Long term imatinib therapy promotes bone formation in CML patients

Stephen Fitter, Andrea L Dewar, Panagiota Kostakis, L. Bik To, Timothy P Hughes, Marion M Roberts, Kevin Lynch, Barrie Vernon-Roberts, and Andrew CW Zannettino*

Division of Haematology, Bone and Cancer Research Laboratories, Institute of Medical and Veterinary Science, The Hanson Institute, Adelaide, SA, Australia
Division of Haematology, Institute of Medical and Veterinary Science, The Hanson Institute, Adelaide, SA, Australia
Medical Oncology, Novartis Pharmaceuticals Pty Ltd, Sydney, NSW, Australia
Adelaide Centre for Spinal Research, Institute of Medical and Veterinary Science, The Hanson Institute, Adelaide, SA, Australia

* Corresponding author; email: andrew.zannettino{at}imvs.sa.gov.au.

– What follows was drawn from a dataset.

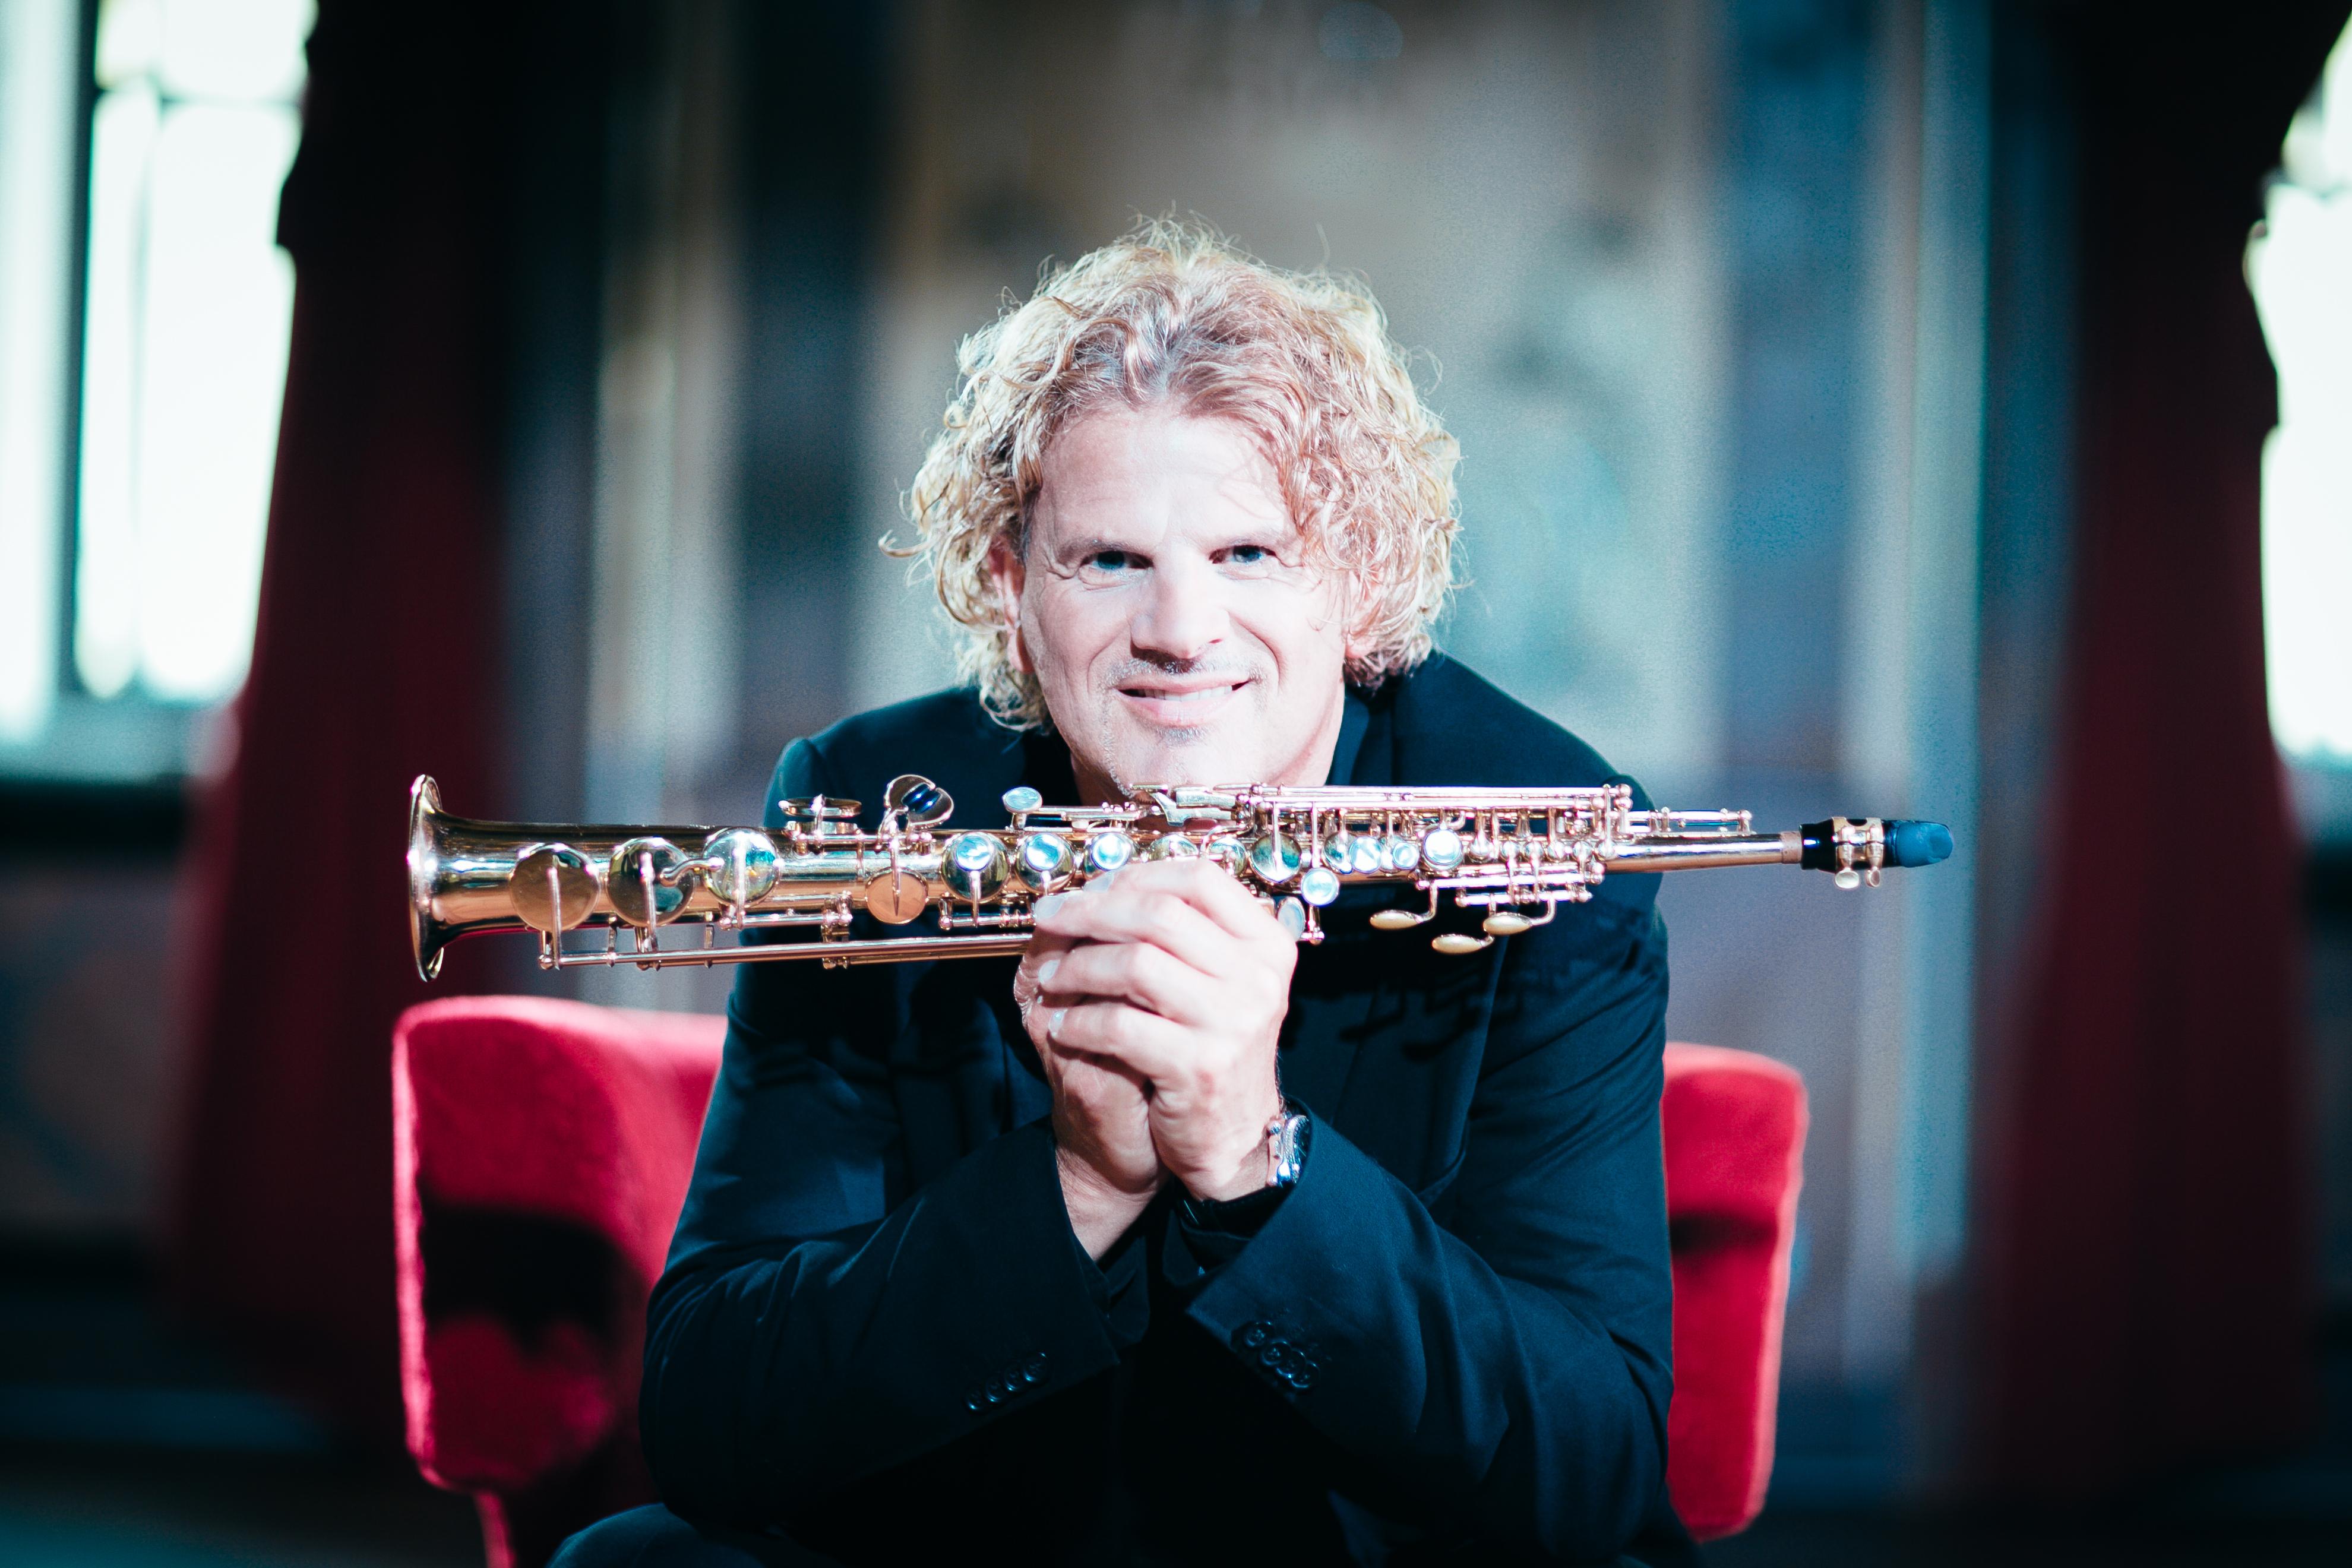 Saxophonist Chris Haller

Imatinib inhibits tyrosine kinases important in osteoclast (c-Fms) and osteoblast (PDGF-R, c-Abl) function, suggesting that long term therapy may alter bone homeostasis. To investigate this question, we measured the trabecular bone volume (TBV) in iliac crest bone biopsies taken from CML patients at diagnosis and again following 2-4 years of imatinib therapy. Half the patients (8/17) showed a substantive increase in TBV (> 2 fold), following imatinib therapy, with the TBV in the post treatment biopsy typically surpassing the normal upper limit for the patient's age group. Imatinib treated patients exhibited reduced serum calcium and phosphate levels with hypophosphatemia evident in 53% (9/17) of patients. In vitro, imatinib suppressed osteoblast proliferation and stimulated osteogenic gene expression and mineralised matrix production by inhibiting PDGF receptor function. In PDGF stimulated cultures, imatinib dose dependently inhibited activation of Akt and Crk L. Using pharmacological inhibitors, inhibition of PI3-kinase/Akt activation promoted mineral formation, suggesting a possible molecular mechanism for the imatinib mediated increase in TBV in vivo. Further investigation is required to determine if the increase in TBV associated with imatinib therapy may represent a novel therapeutic avenue for the treatment of diseases that are characterised by generalised bone loss.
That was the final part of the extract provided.